Craig Thomson
Craig Thomson

Fair Work Aus plans to take on Thomson in Federal Court

FAIR Work Australia has filed civil charges against independent MP Craig Thomson in the Federal Court.

In a statement issued on Monday FWA said the action was based largely on the findings of its three-year investigation into the Health Services Union, of which Mr Thomson was national secretary from 2002-2007.

It is alleged Mr Thomson misused hundreds of thousands of dollars of HSU members' funds on prostitutes, travel for his partner and other lavish expenses.

FWA general manager Bernadette O'Neill said the statement of claim also included additional allegations that Mr Thomson misused HSU funds.

She said the claim included 37 alleged breaches of general duties imposed on officers of registered organisations and 25 alleged breaches of HSU rules.

"I have not taken this action lightly. I am satisfied that it is in the public interest to pursue the allegations in the documents filed in the Federal Court today and consider that there is a reasonable prospect of success," Ms O'Neill said.

"If successful, I will be seeking the imposition of pecuniary penalties relating to each of the 37 alleged contraventions where penalties are available.

"I will also be seeking orders requiring Mr Thomson to pay compensation for losses allegedly incurred by the HSU by reason of the alleged breaches of general duties should they be proven."

The proceedings, which will begin in the Federal Court in Melbourne on December 7, follow the commencement of similar proceedings against the HSU and three former officers of the HSU Victoria No.1 Branch.

Ms O'Neill also confirmed she intended to launch proceedings against the national office of the HSU and was considering advice regarding potential proceedings against other parties named during the investigation.

In a statement, Mr Thomson maintained he was innocent of the allegations.

He said that while he was disappointed he was not surprised FWA had lodged the claim.

"Clearly, Fair Work Australia has felt pressured into responding this way given the political process which it is a part of," Mr Thomson said.

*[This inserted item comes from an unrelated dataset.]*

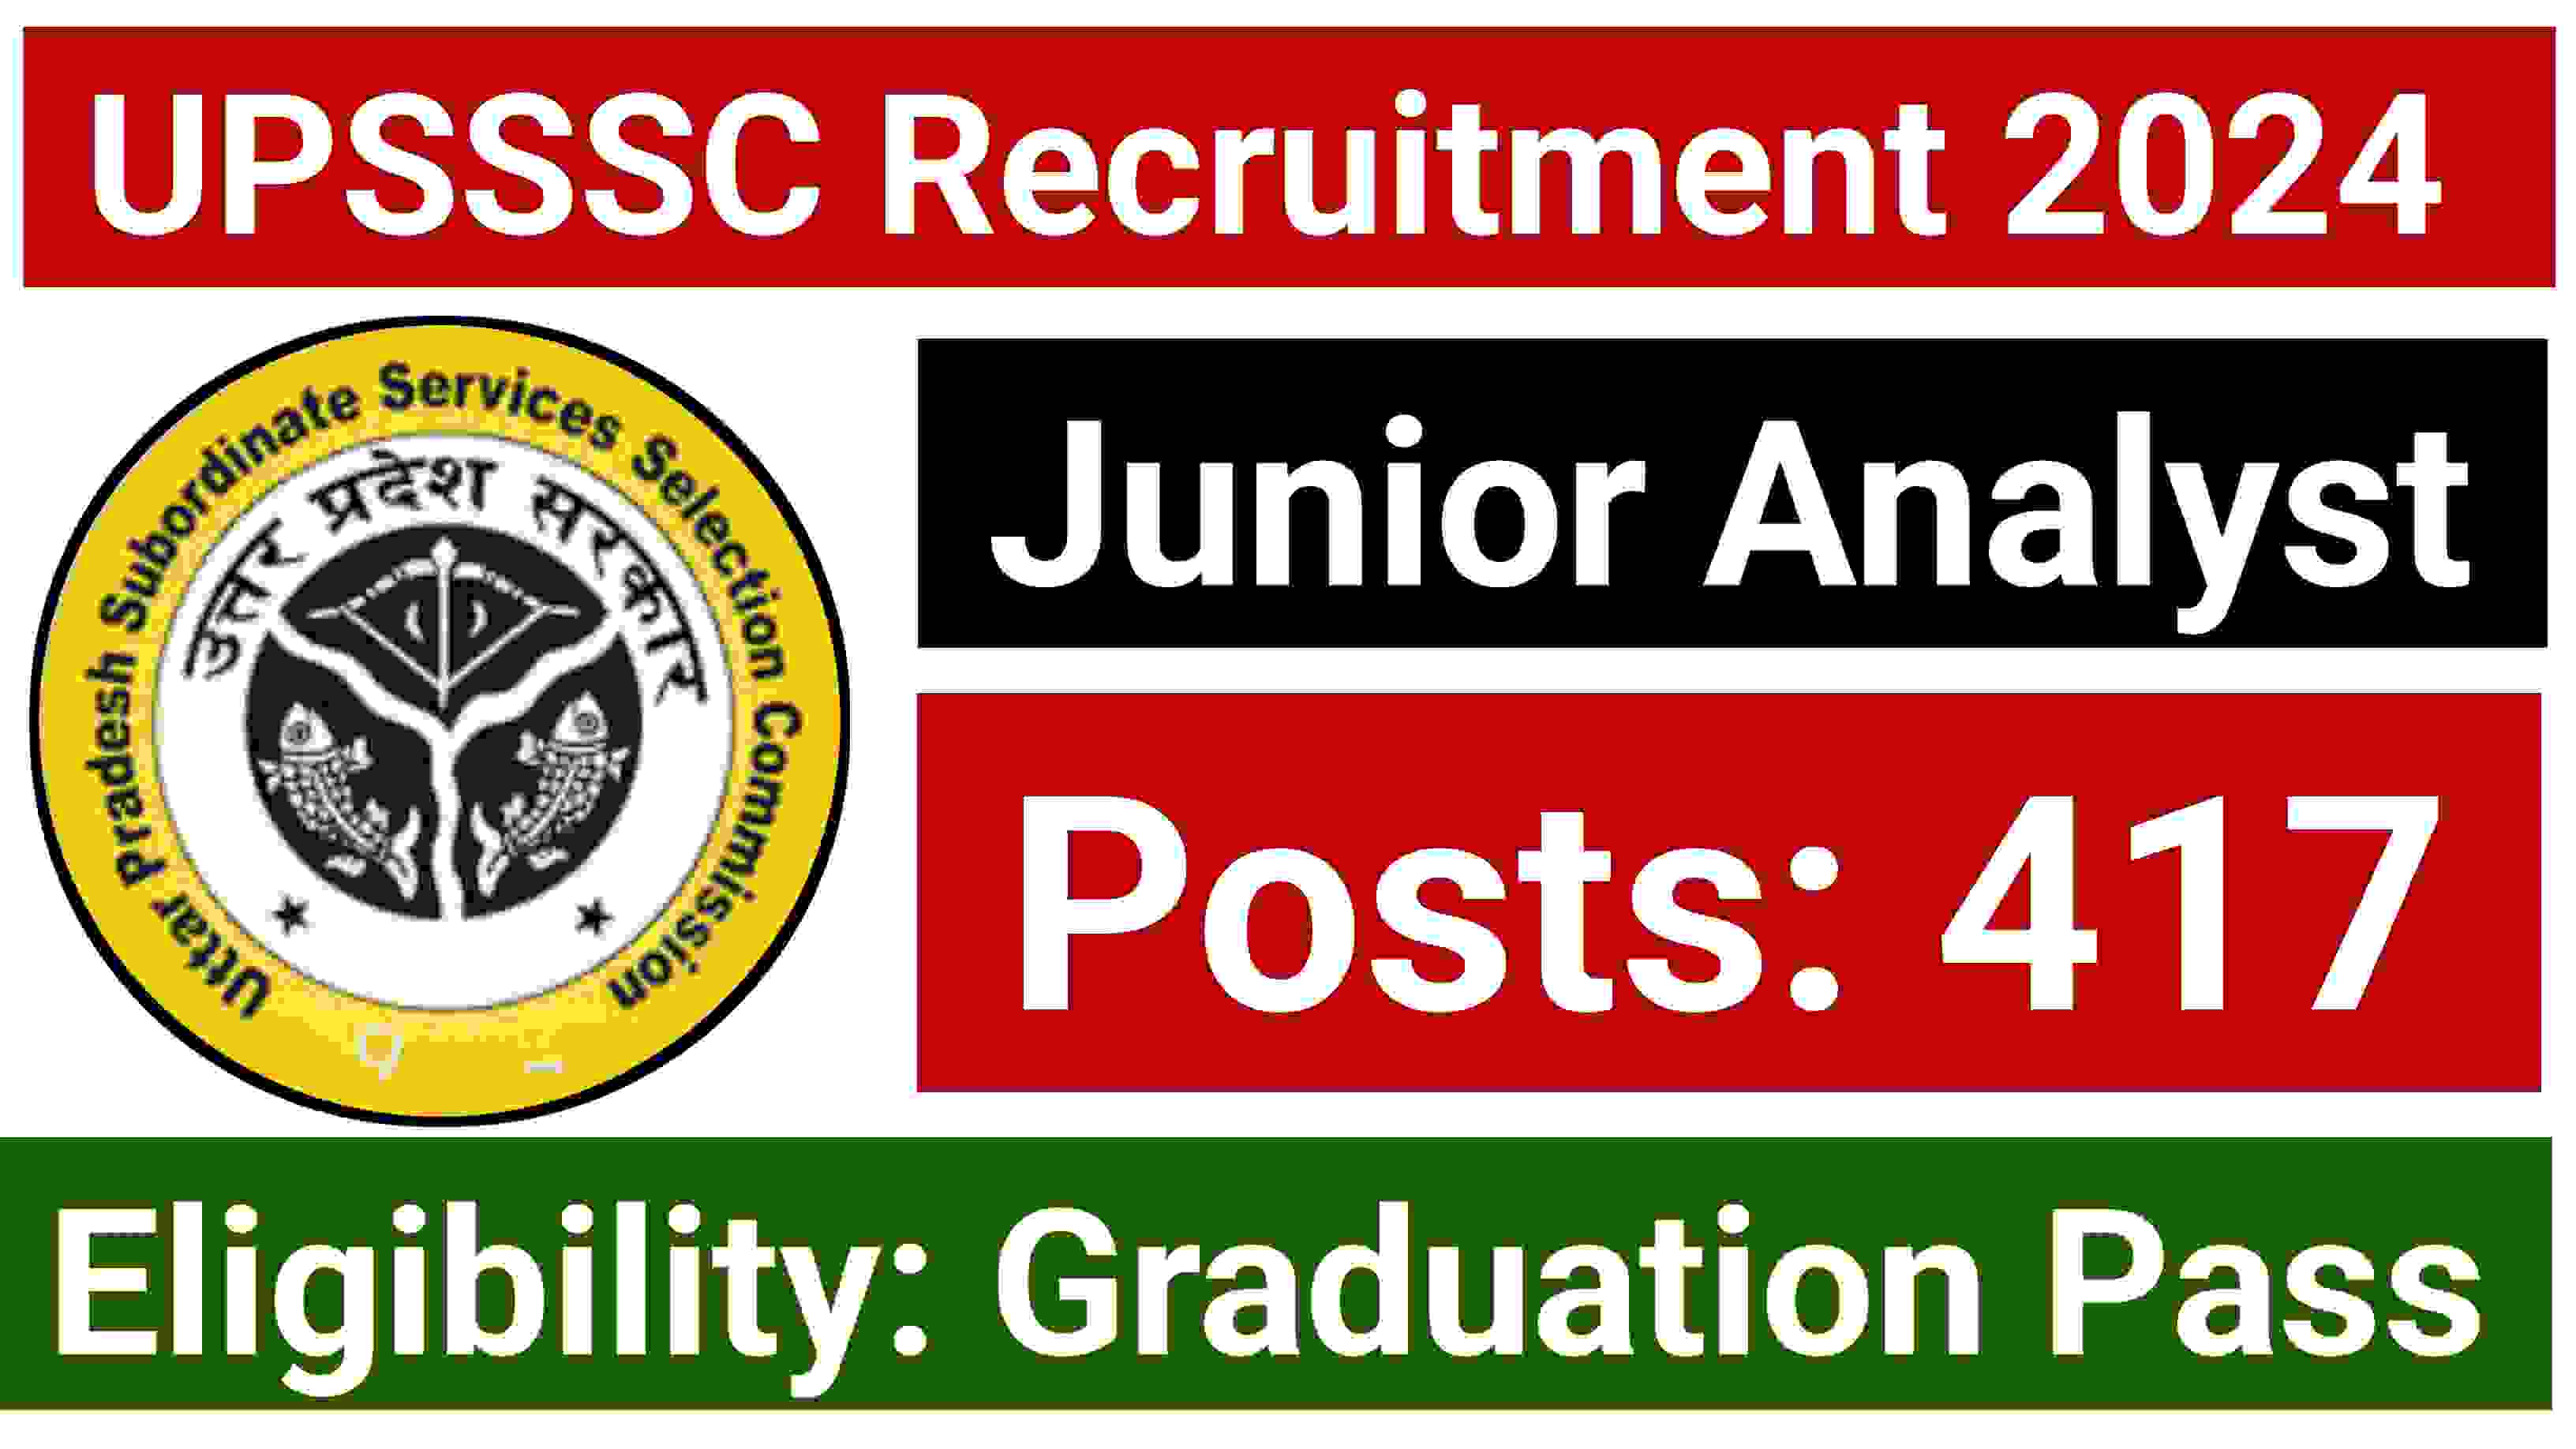 UPSSSC Junior Analyst Recruitment 2024 Notification

"Naturally, I will vigorously defend these claims which are based on a totally discredited Fair Work Australian report."

The latter was a reference to the findings of a KPMG review of the FWA investigation.

Mr Thomson spent almost an hour addressing the allegations during a speech to Parliament in May.

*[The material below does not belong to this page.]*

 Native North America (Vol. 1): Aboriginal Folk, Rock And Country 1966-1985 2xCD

The Member for Dobell had earlier quit the Labor Party to sit on the crossbenches at the height of the scandal.

Liberal Senator Eric Abetz said Mr Thomson's claim that FWA had been pressured was ludicrous.

"After four long years one can hardly claim that Fair Work Australia have been pressured into doing anything in relation to this matter," Senator Abetz said.

He said the Labor Party had to rule out paying for Mr Thomson's legal fees and allow the release of documents relating to the FWA investigation.

Members of the Coalition have looked through the documents, which are in the possession of the Senate secretariat, but have failed in their bid to have them released.

Senator Abetz said the "treasure trove of documents" underpin the FWA investigation.

The maximum pecuniary penalty that can be imposed by the court in respect of each contravention of the general duties is $6600 for an individual.

Pecuniary penalties are not available for breaches of union rules.